说来也奇怪,冷自扬的手很轻柔,但中力十足,看似轻轻一抓,却生生止住了二人。这次,不光是凉女惊讶地看了他,就连冷自练也有些疑惑探究地看着他,满脸不可思议。
“咳咳……”冷自扬尴尬咳嗽了几声,沉声道,“其实,我对嫂子你们的事儿也略有耳闻,这便是我来此其中的一个目的,对于侄儿的事儿我也很抱歉,但是,你们放心,就算倾尽我冷自扬全部家产,我定会治好鱼儿的怪病……”冷自扬坚定道。

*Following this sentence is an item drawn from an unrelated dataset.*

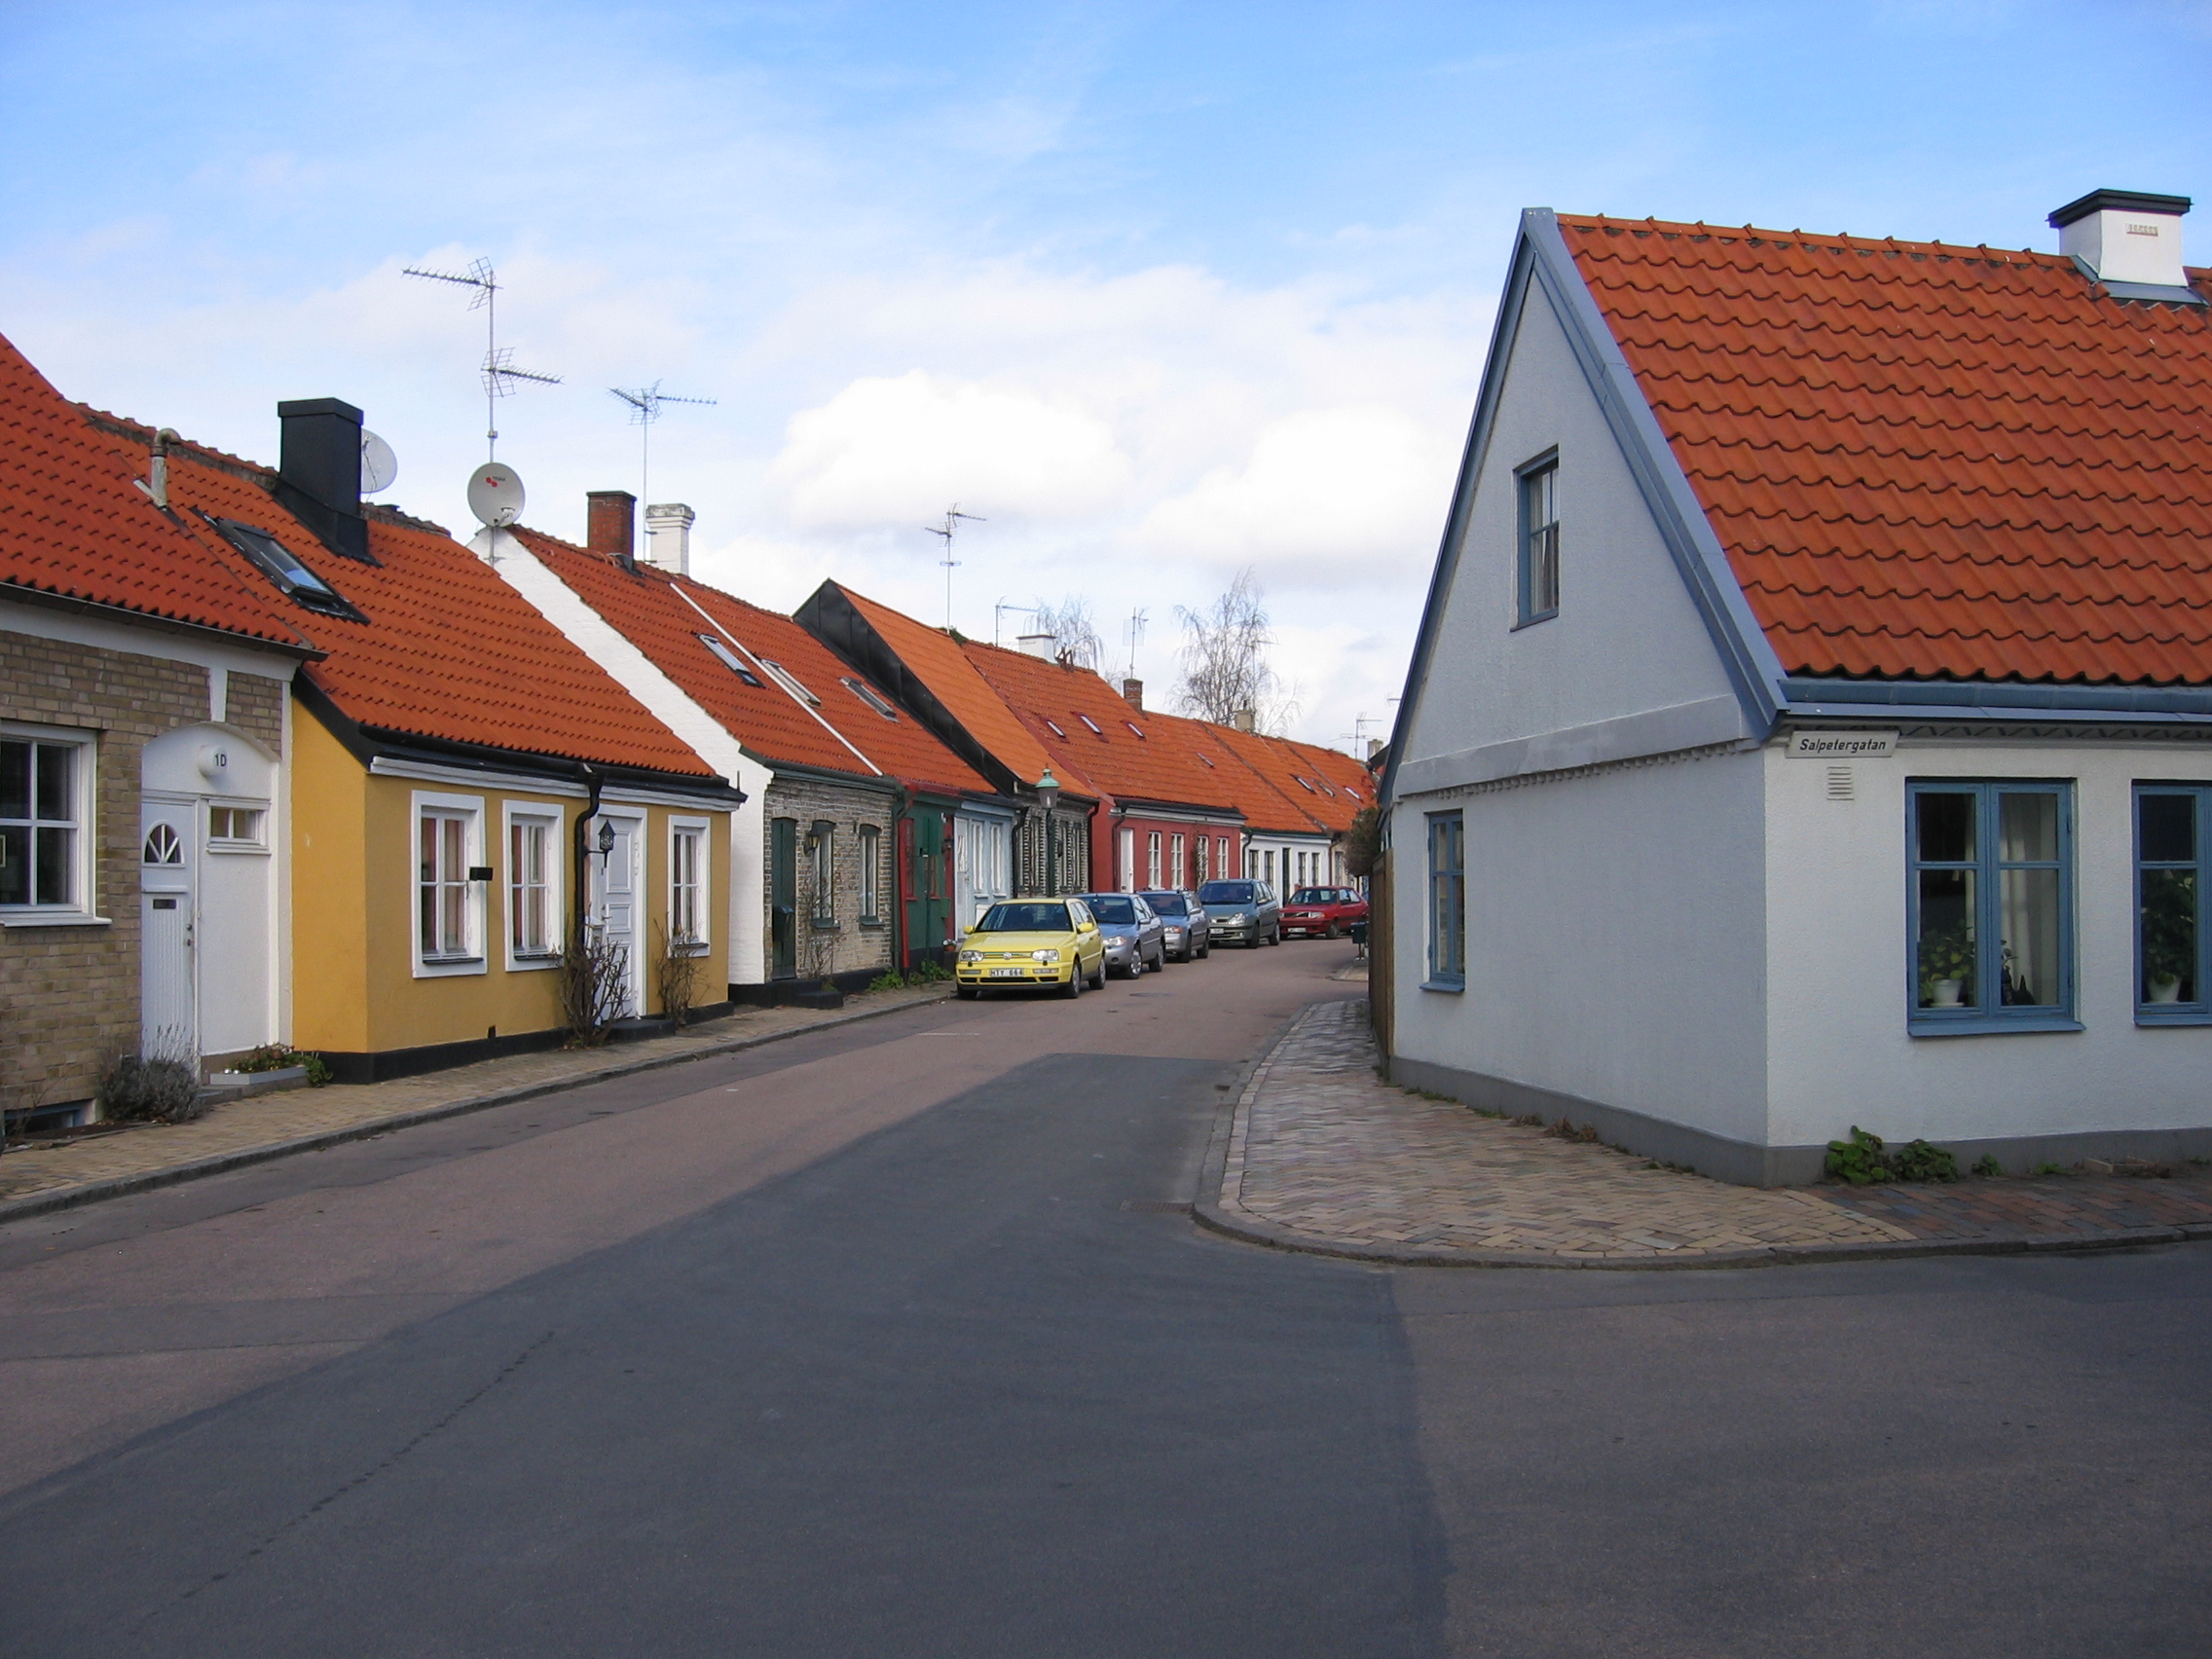 File:Gamla Landskrona.JPG - Wikimedia Commons

闻言,不禁是凉女眸眼一亮,就连原本剑拔弩张的冷自练也掩旗熄火,暗自叹息着。
“太好了……”凉女顿时喜极而泣,啜泣道,“其实鱼儿也不知怎么回事儿,六岁之后,身上就长出一层层类似于蛇皮一般的东西,八岁时,便已经遍布全身,现在到了冬天,竟然还会进行休眠……他,简直,简直就像一个……”凉女一震,颤抖地说不出话来。“然后,村里那些愚昧之人,便宛如瘟疫一般躲避着我们,好似我们就是那洪水猛兽,哪怕是出去走一趟,都会被人戳着脊梁骨骂,这样的生活……究竟何时是个头啊……”似是想起什么悲伤的事儿,凉女再次啜泣,心中对某个身影的恨,更加难以磨灭。
“像蛇?”冷自扬皱眉,接下凉女的话,安慰道,“这种情况,我记得88年在英国也生过,曾经还惊动了世界,现在我已经找到了针对这种病症的专家,相信,要不了几天他们就到了。到时候,想必小侄儿,也一定会安然无恙。”冷自扬认真道。冷鱼,是他哥哥,冷自练唯一的根儿,说什么,他也得替他保住这根苗。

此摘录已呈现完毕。